Человек в костюме, с зонтом и папкой под мышкой вышел из «каморки», что приткнулась к мастерской. За ним выпрыгнули двое — с автоматами. Утробно квакнула сирена — и тотчас стали появляться люди, не только мужчины, но и женщины. Но больше всего, конечно, милиции. Они словно бы и не обращали внимания на двух работяг, ходили, словно по собственной квартире.

— Постановлением суда Судуйского района за номером… от числа… года… вам запрещается трудовая деятельность, на вас накладывается штраф за несанкционированное использование земли, весь урожай и техника берется под арест, — скороговоркой проговорил подошедший «пиджак с папочкой».

— А вы чего прятались? — спросил Сашка, все еще в недоумении от увиденного.

— Эй, куда! — прикрикнул он на того, кто полез в кабину грузовика. «Автоматы!» — бешено пронеслась в голове мысль. — Там бак дырявый, счас замкнешь чего — костей не соберешь!

Спецназовец с хрюканием вылез, держа в каждой руке по «Калашникову».

— Смирнов Александр Сергеевич, вам предъявлено обвинение по пунктам Уголовного Кодекса…

Человек в майорских погонах говорил что-то еще, но Сашка уже не слушал. Перед глазами стояло лицо Наташи, навалившаяся усталость сминала плечи.

— Это не мое, — огрызнулся он. — Знать не знаю…
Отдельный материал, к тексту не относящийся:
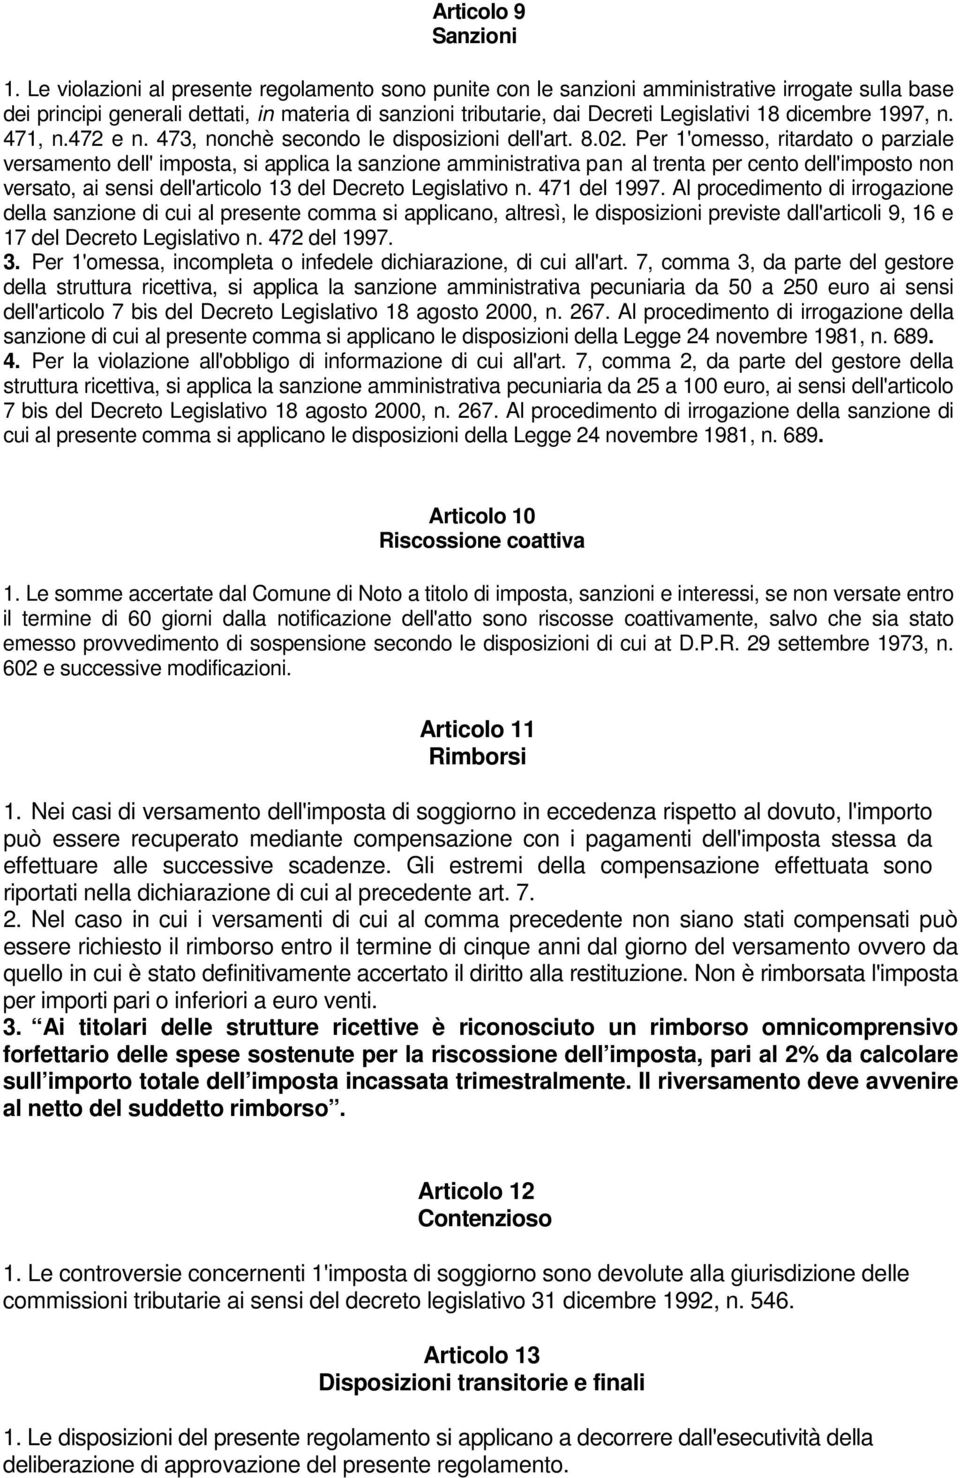 dicembre 1997, n. 471, n.472 e n. 473, nonchè secondo le disposizioni dell'art. 8.02.

— Свидетельские показания… — завел песню майор.

Александра замутило, он почувствовал, что еще мгновение, и рухнет в обморок.
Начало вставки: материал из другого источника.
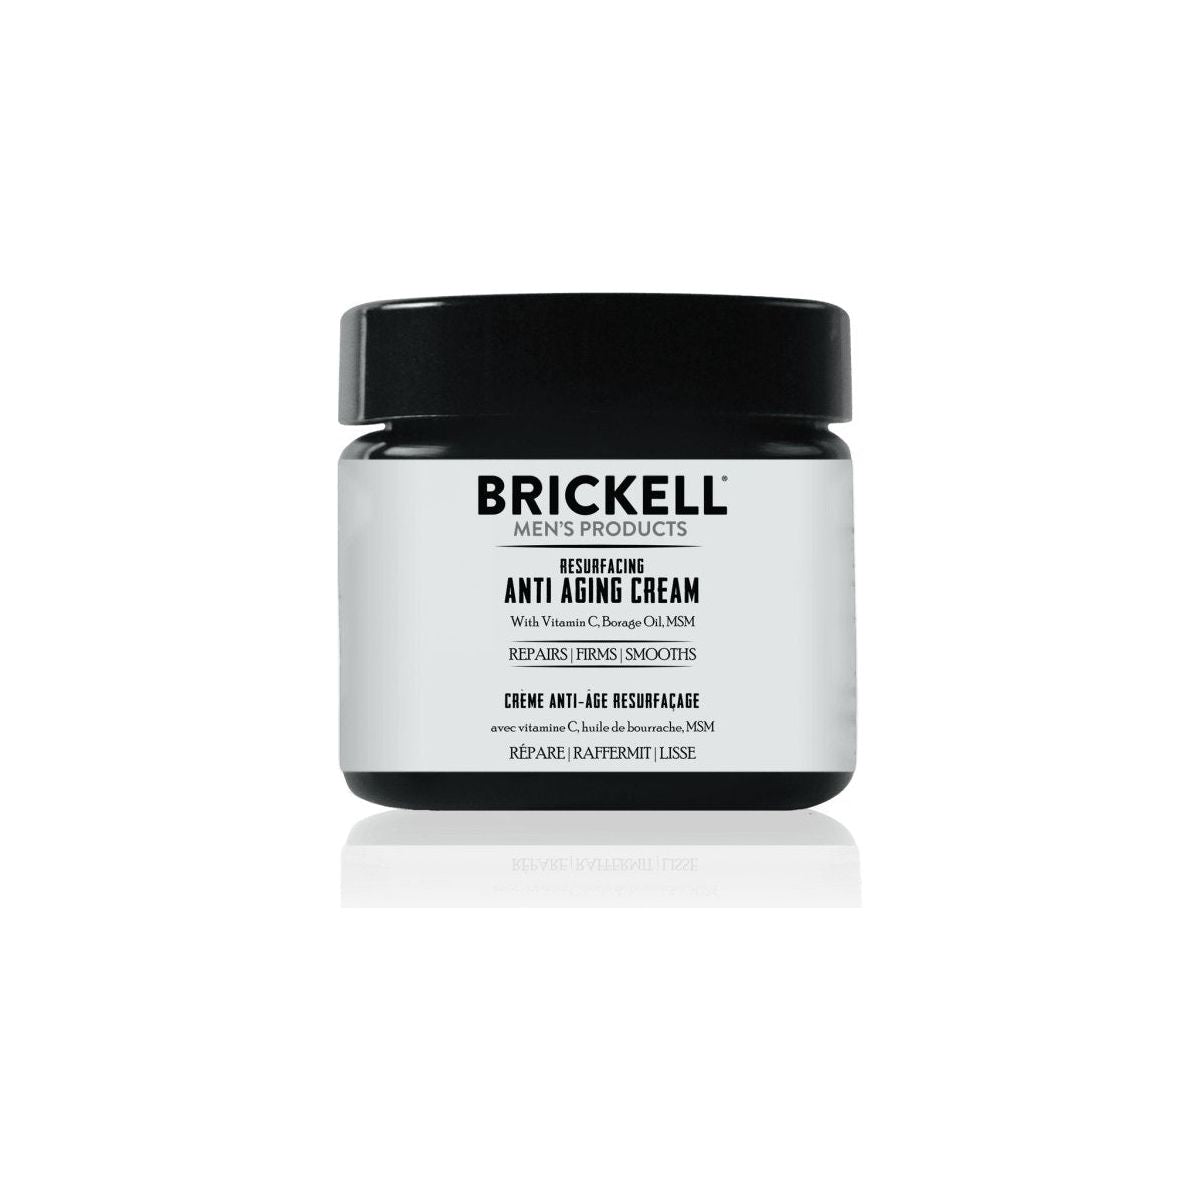 Brickell Resurfacing Anti Aging Cream - 59ml - Glam Global UK

— А вот и понятые пожаловали, — усмехнулся «гражданский», указывая папочкой за спину Саше.

— Что такое? — раздался голос Шпакова.

— Ай, беда-огорчение! — подхватил Наиль.

Поворачиваться не хотелось. Позади друзья, товарищи, хорошие люди, которых он все-таки подвел, которые сейчас не захотят свидельствовать против него. Или захотят? Не захотят — заставят…

— Я — Гаврила. Работаю с вами, — произнес сквозь шум дождя светлый и сильный голос. И тотчас необыкновенная тишина заполнила все вокруг, словно капли перестали барабанить, перестал кашлять генератор, выть сушилка, вмиг стихли разговоры. Сашка почувствовал, как сила и уверенность возвращаются, пальцы стали железными, сжались в кулаки.

— Вы задержаны! — закричал майор. — Стрелять! На поражение! — и закашлялся, словно поперхнулся словами.

Лязгали затворы, люди в хаки странно запрыгали, кто — на корточках, как лягушки, кто — на прямых ногах, будто козлы. Женщины в юбках рванули курицами к милицейским машинам. Правильно, негоже бабам лезть в мужиково дело! Гаврила шел, легко ступая, поглаживая правой рукой болтающийся у бедра автомат с куцым стволом, с толстым магазином.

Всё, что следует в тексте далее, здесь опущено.